«Goldschatz»

An einem der letzten Sommertage ging ich noch einmal in der Aare schwimmen. Ich stieg ins Wasser bei jenem Felsen, der im Volksmund «Dr Studänt» heisst. Ich hatte meine Taucherbrille dabei. Das Wasser war klar, wie ich es noch selten gesehen habe, in der Klos bot sich mir eine spektakuläre Unterwasserlandschaft mit schroffen Klippen, Schwärmen kleiner
Fische und ein paar richtig
dicken Brummern, die sich träge verzogen, als ein noch dickerer Fisch mit Taucherbrille auftauchte. Plötzlich sah ich unweit vom Ufer in gut zwei Metern
Tiefe etwas leuchten und glitzern - was war das? Ich tauchte hinunter, griff hinein in eine halb vermoderte Plastiktasche und hielt einen Schatz von Gold- und Silberschmuck in den Händen. Wirklich wahr, ungelogen. Natürlich waren die Brillanten aus Glas und wog das Gold viel zu leicht, um wirklich echt zu sein. Aber es waren doch immerhin ein paar Dutzend Broschen und Halsketten, Fingerringe und Armbanduhren, Ohrringe und Armreifen und so weiter und so fort.

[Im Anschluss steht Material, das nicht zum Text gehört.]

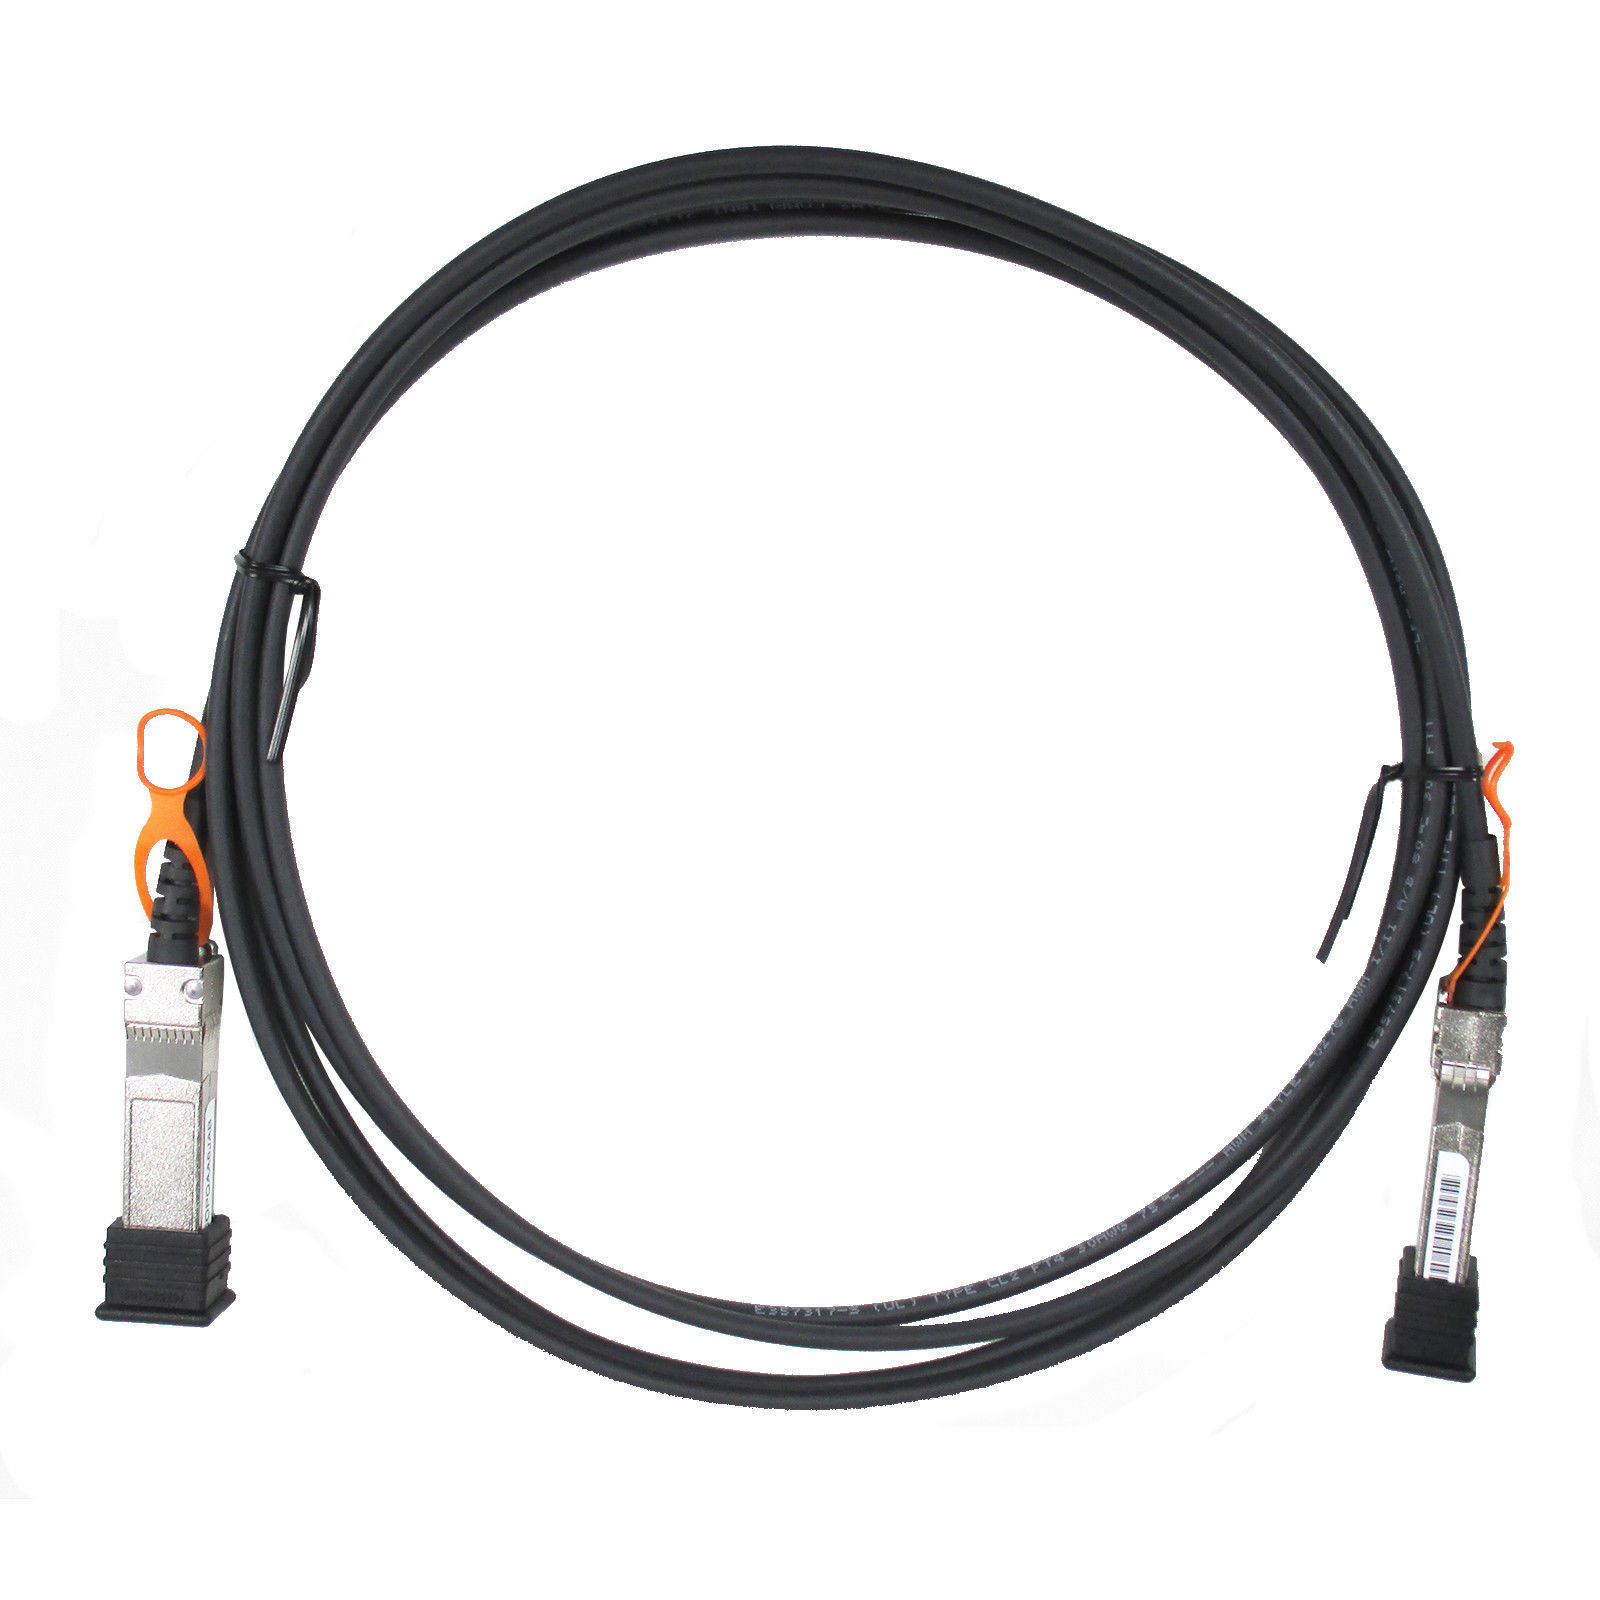 Cisco SFP-H10GB-CU3M Three 3 Meter 10GbE Twinax Cable 37-0961 COPQAA6J A

Seither frage ich mich, wie dieser Schatz in die Aare geriet. Die
Eigentümerin war ohne Zweifel eine junge Frau, der Schmuck ist sehr figürlich und verspielt. Hat sie ihren Liebsten betrogen,
worauf er zur Strafe ihren Schmuck Poseidon opferte?
Oder hat im Gegenteil er sie
verlassen und hat deshalb sie
alles, was er ihr jemals geschenkt hat, über Bord geworfen? Oder sonst was? Wir werden es nie wissen - es sei denn, die Besitzerin meldet sich bei mir und
erzählt mir die wahre Geschichte. Dann gebe ich ihr alles
zurück. Zum Nachweis ihres
Besitzanspruchs muss sie mir nur zwei Fragen beantworten: Welche Farbe hat die Dolce&Gabana-Uhr? Und welche Farbe
haben die Augen der schwarz-
goldenen, mit Diamanten
besetzten Schlangenbrosche? Meine Telefonnummer steht im Telefonbuch.
P.S: Ich habe nicht ganz alles
erwischt, ein bisschen was von dem Zeug liegt noch unten. Aber ich weiss genau, an welcher
Stelle. Nächsten Frühling hole ich es hoch. Versprochen.